Personal Finance / 10 JULY 2018, 7:47PM / STAFF REPORTER
Savings Month is here and as we see every July, many South Africans are taking the opportunity to review their savings habits and behaviours. One aspect that’s often overlooked is that your hard-earned savings gains can easily be undone by failing to pay sufficient attention to estate planning.
“Even if all your retirement goals fall into place as planned, the benefits can be easily undone through a careless estate plan,” says Willie Fourie, head of estate and trust services at PSG Wealth. “An incorrectly worded will or incorrectly used estate planning structure may result in a substantial portion of your lifetime savings going towards paying death duties and capital gains tax.”
He suggests you follow these four guidelines to keep your estate plan on track:
Avoid overly complex structures
A simple but properly drafted will is usually sufficient to ensure a speedy and cost-efficient transfer of assets to your heirs. Local and foreign trusts and companies can also be set up to house assets and make use of the benefits associated with these structures. Be aware, however, of the associated cost of maintaining them in foreign jurisdictions – especially where fees are charged in a foreign currency – as this may quickly negate any savings on estate duty or tax.
Use tax concessions to your advantage
Both the Estate Duty Act and the Income Tax Act offer opportunities for relief.
The Estate Duty Act contains a number of sections that can save or postpone the payment of estate duty if used correctly in a carefully drafted will:
- Section 4A provides that the first R3.5m of a deceased person’s estate is not subject to the payment of estate duty (at the current rate of 20%).
- The value of any bequest to a surviving spouse is not subject to estate duty.
- Charitable bequests are deducted from the dutiable estate.

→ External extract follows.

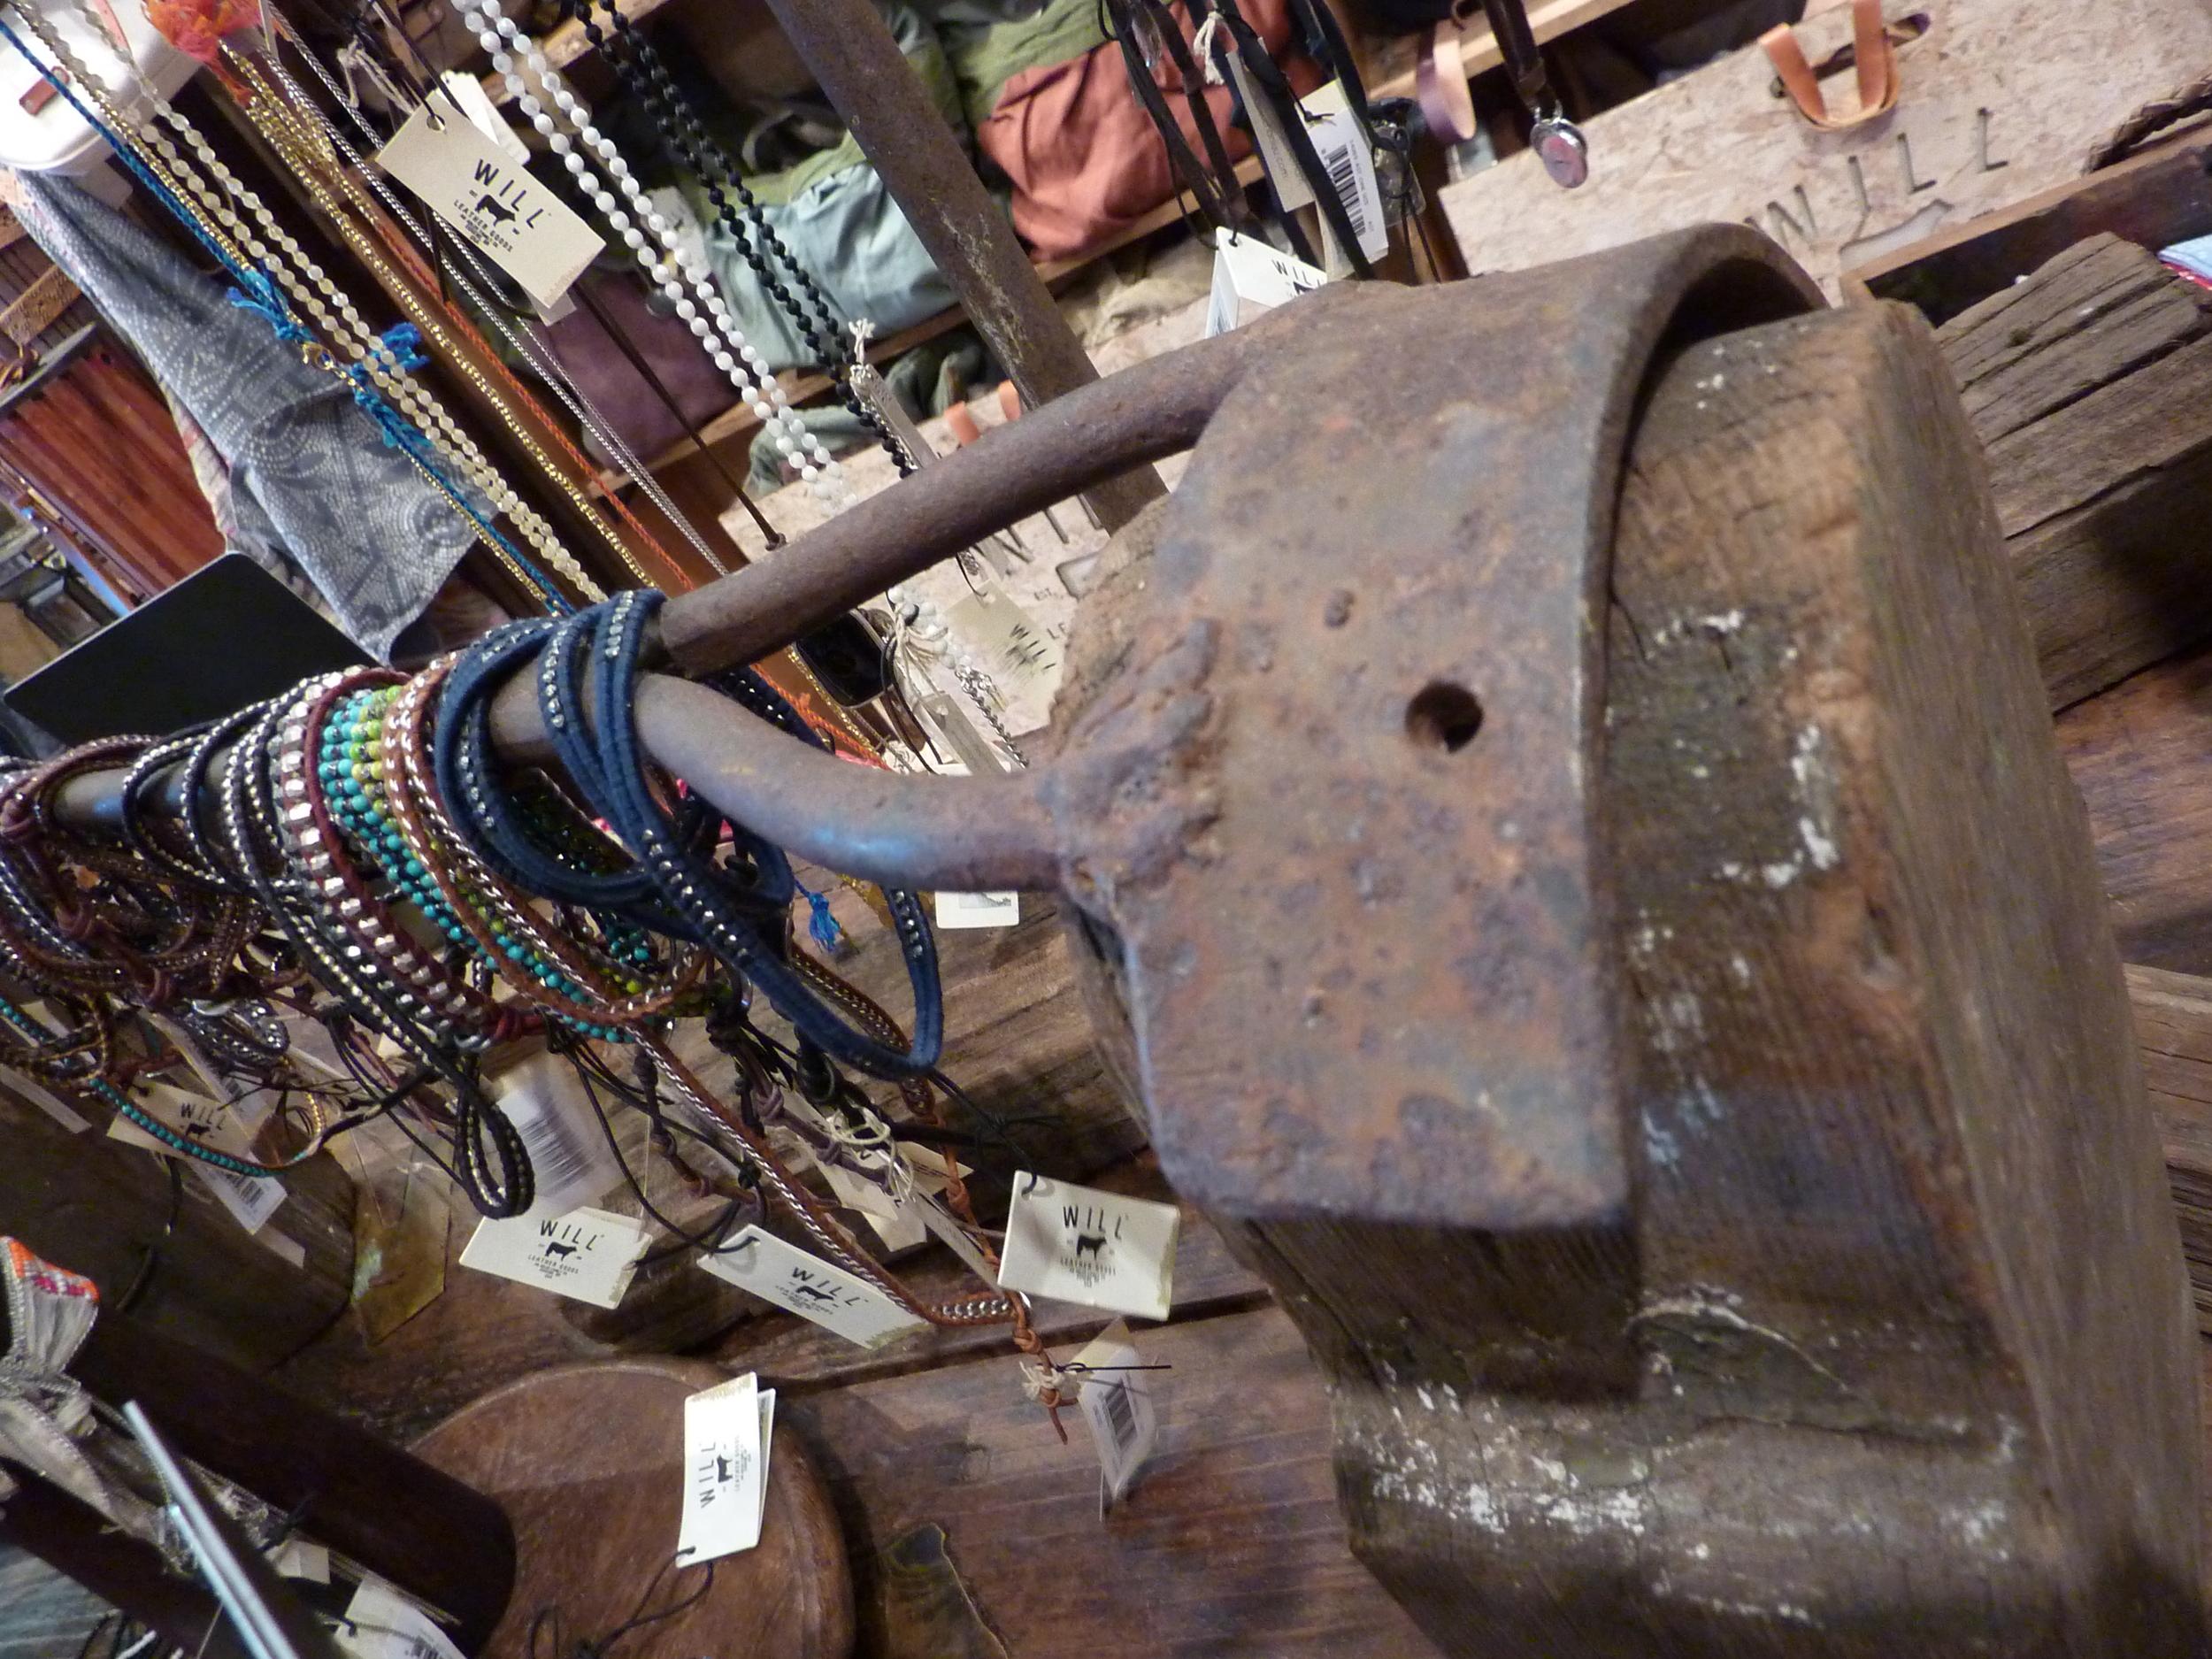 photo | branding iron jewelry fixture

Paragraph 80(2) of the Eighth Schedule to the Income Tax Act, as well as section 7C of the Act, can also be used to your advantage:
- Trustees can award the gains in a trust to the beneficiaries of the trust, to ensure that the capital gains are taxed at the lower inclusion rates applicable to natural persons. The effective rate of capital gains tax for trusts is 36% compared to the maximum effective rate of 18% for individuals.
- Much has been written about the effect of section 7C of the Income Tax Act, which was introduced on March 1, 2017. Any distributions by trustees to beneficiaries should firstly be used to reduce any loan accounts owed to the individual.
Artificially creating an insolvent estate can have unintended consequences
Unfortunately, some practitioners think that estate duty can be avoided on death by artificially creating an insolvent estate. This is normally done by the individual making loans from a trust to the extent that his liabilities (that is, the loan owed to the trust) exceed the assets in his estate on death. However, be careful what you wish for. “Unsuspecting trustees can be held personally liable by the beneficiaries if unsecured loans are not recoverable and losses are incurred in the trust,” warns Fourie.
Choose your executor carefully
Choosing the executor of your estate with care could result in substantial tax savings in the estate administration process. Selling estate assets during this process can result in a recoupment of tax if the deceased claimed a depreciation allowance on these assets.
Savings Month is a great opportunity to learn more about estate planning and to plan for a care-free tomorrow. Make sure you give careful thought to the tax implications associated with saving and investment, to ensure you don’t waste the benefit of all your disciplined savings over the years.